We must take a very close look wherever the rule of law may be coming under pressure. We must think about how we can strengthen and safeguard the rule of law in Europe. To do this, we need a positive agenda. The approach presented by the European Commission, that is, tying the rule of law to funding, is one possible option.
In my opinion, the risk of division would be greatest if we couldn’t even agree on what our common values are. This is the responsibility of all member states!
I think we must engage in a dialogue with our citizens about Europe. Those are exactly the issues I want to debate in the public square. I want to make the case for Europe. If nationalism and populism rise up and cause Europe’s citizens to lose faith in the Union, then this will threaten Europe in a fundamental way.
This is why Germany is working at European level to improve the European Citizens’ Initiative. I am happy that Finland is a part of these activities.
Ladies and gentlemen,
We will only be able to further develop the European Union if we can convince other member states to become our partners in this effort.
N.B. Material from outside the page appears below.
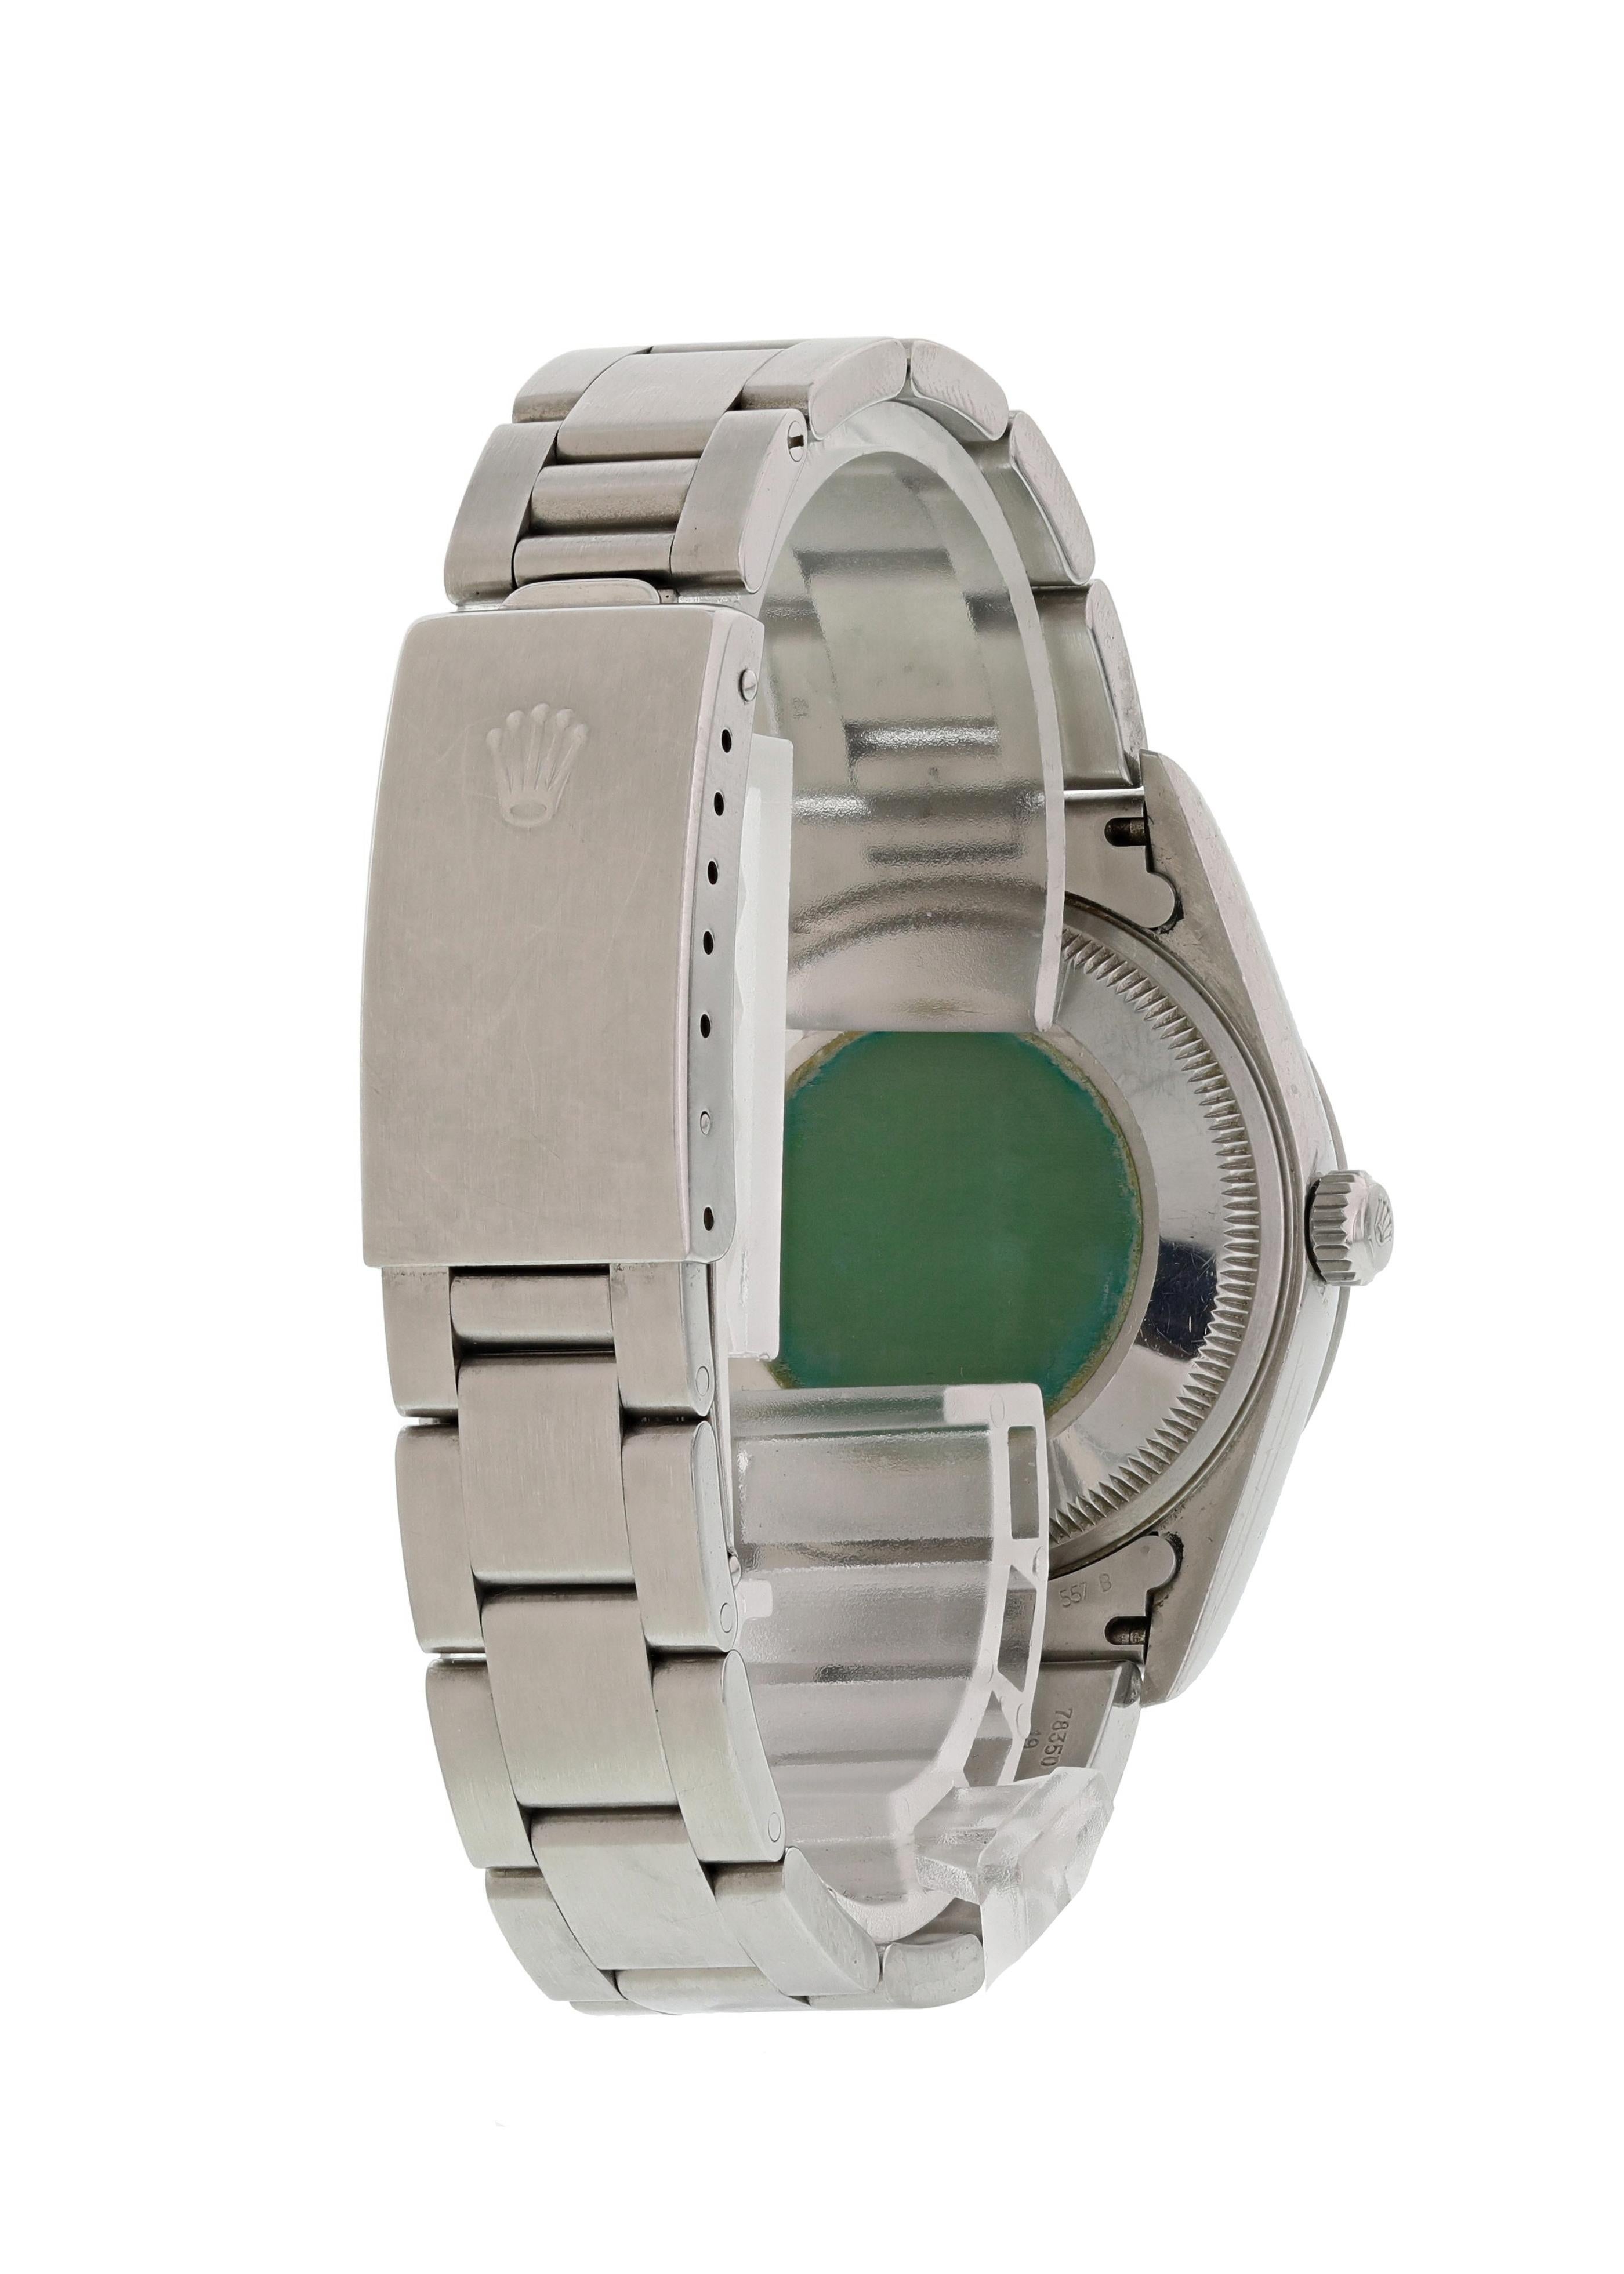 Rolex Oyster Perpetual Date 15200 Men's Watch Original Papers Herren

No single member state can reform Europe on its own. Even if France and Germany worked together, this couldn’t be achieved.
We will only succeed if all of Europe joins in. There is one Europe. We may be at the centre or not, large or small – but we are all are members of the same Union.
It’s like Paul‑Henri Spaak, former Belgian Prime Minister and one of our founding fathers said: “There are only two kinds of states in Europe: small states, and small states that have not yet realized they are small”.
Our two countries share a very similar understanding of European policy. In most areas, we pursue the same, or at least very similar, aims.
However, our two countries are not the only ones that have this view. Many of our direct neighbours feel the same. Based on these beliefs, we can together tackle the challenges that Europe faces today.